Шалунья (ЛП) - Ларк Софи - Страница 55
- Предыдущая
- 55/59
- Следующая
На его ладони сидит котенок, обхватив пальцами хвост. Каждый сантиметр его тела черен как ночь, даже кончик носа, за исключением широко расставленных голубых глаз, немигающе смотрящих на меня.
— Ты уже заменил меня?
Рамзес ухмыляется. — У меня уже есть котенок. Но я не мог смириться с мыслью, что сегодня ты пойдешь домой одна.
Я прижимаю к себе маленькое пятнышко, чувствуя, как бьется его хрупкое сердце. Мое собственное сердце горит, горит, горит в моей груди.
— Как его зовут?
— Я думал, Рамзес Второй. Но, к сожалению, она девочка.
— Тогда я точно знаю, как ее назвать. — Я беру ее на руки, чтобы поцеловать в крошечный носик. — Это Бастет.
— Ты заставляешь меня ревновать, — рычит Рамзес.
Я прижимаю котенка к себе, чтобы поцеловать и его. Вкус его рта намного лучше, чем я помнила.
— Кстати, отличное пальто, — говорит он.
— Оно принадлежало Табите. — Я смотрю на дыру в земле, пустоту там, где что-то должно было быть, как впадина зуба. — Это то, что она купила на свою первую зарплату из балета Большого театра. Это были все деньги, которые у нее были, но она сказала мне: то, как ты относишься к себе, говорит всем остальным, как относиться к тебе.
Ладонь Рамзеса проводит длинными, медленными движениями по моей спине. — Хотел бы я с ней встретиться.
— Ты бы ей понравился. — Я улыбаюсь про себя. — Даже если бы она этого не хотела.
— Что тебе нравилось в ней больше всего?
Я думаю обо всем, что впечатляло в Табите. И, наконец, говорю: — Она никогда не жалела себя. И уж точно не позволяла нам оправдываться. Вечная жертва может быть так же опасна, как и то, что причинило тебе боль — ты не сможешь выбраться из тюрьмы своего прошлого, пока не отпустишь этот костыль.
Рамзес говорит: — Мне очень жаль.
Он говорит о Табите. Но я все равно обнимаю его, стараясь не раздавить Бастет, и говорю: — Мне тоже очень жаль.
Мы идем через надгробия рука об руку, котенок теперь в кармане моего пальто, а не Рамзеса.
Он рассматривает побитые надгробия, прислоненные друг к другу, словно в изнеможении.
— Здесь похоронен мой отец.
— Где?
— Где-то в том направлении. — Он наклоняет голову.
— Может, сходить посмотреть?
Наступает долгая пауза, во время которой Рамзес крепко держит мою руку, его большой палец поглаживает тыльную сторону ладони.

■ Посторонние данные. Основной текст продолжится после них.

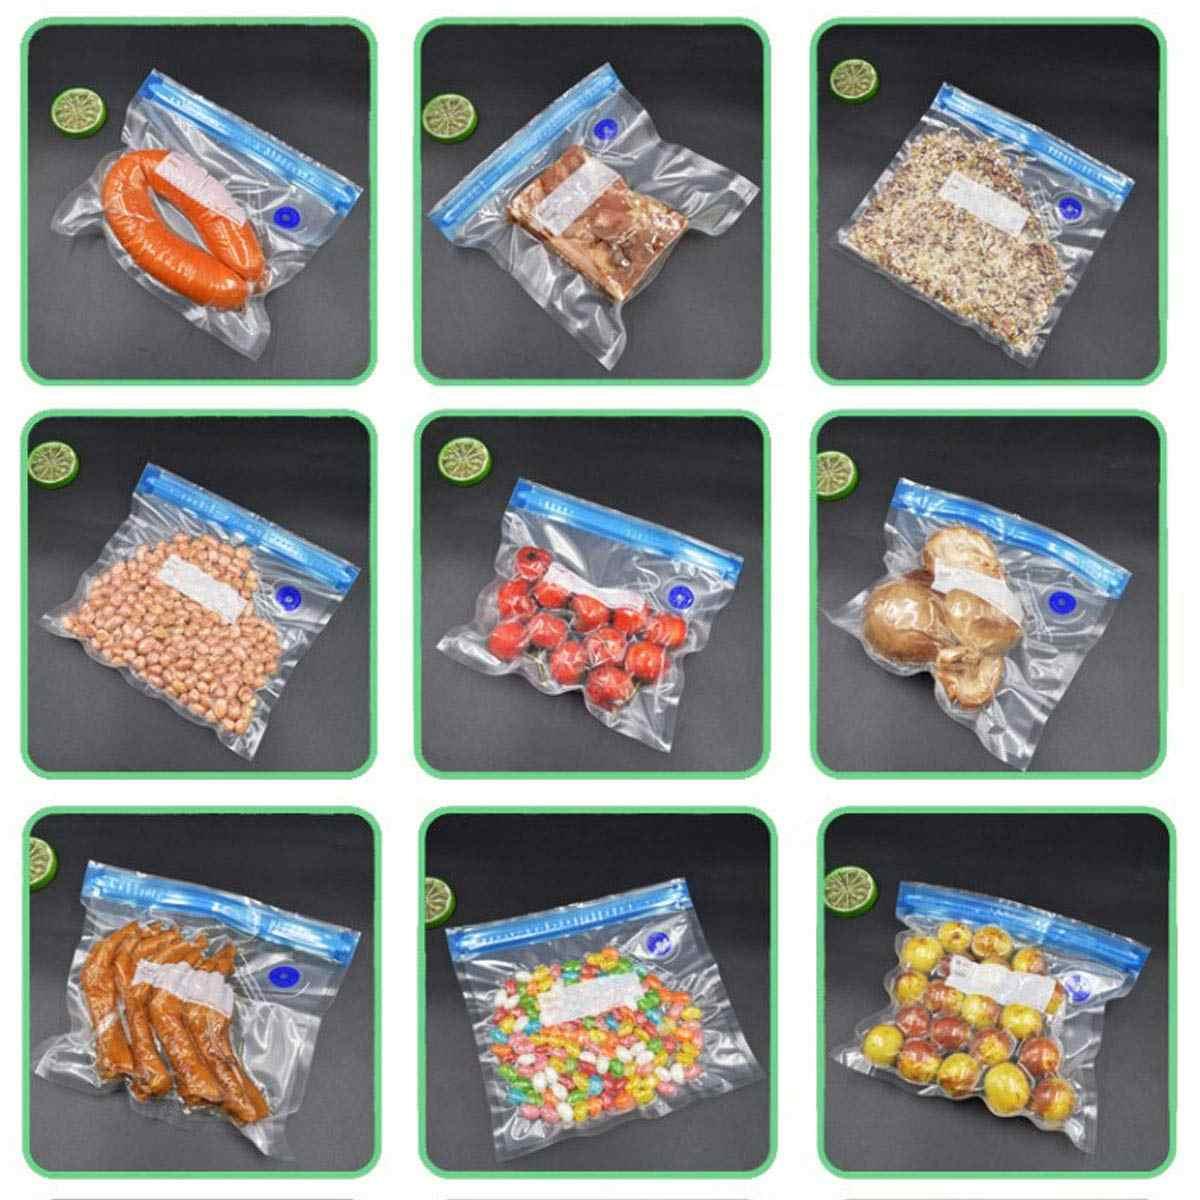 De vacío de almacenamiento de alimentos bolsas de almacenamiento 10 piezas 3 tamaños de la bomba de mano de reutilizable Ultra grueso libre de BPA comida de la conservación de alimentos 2019 Dropshipping. Exclusivo.

— Да, — говорит он наконец. — Если ты пойдешь со мной.
Мы пробираемся сквозь деревья к сильно затененному участку, где земля пористая и усыпана листьями.
Рамзес безошибочно доходит до нужного места и стоит, глядя на простой серый камень. Имя его отца и короткий срок его жизни — единственное украшение.
— Я не знал, что написать. Но я никогда не чувствовал себя хорошо, оставляя его пустым.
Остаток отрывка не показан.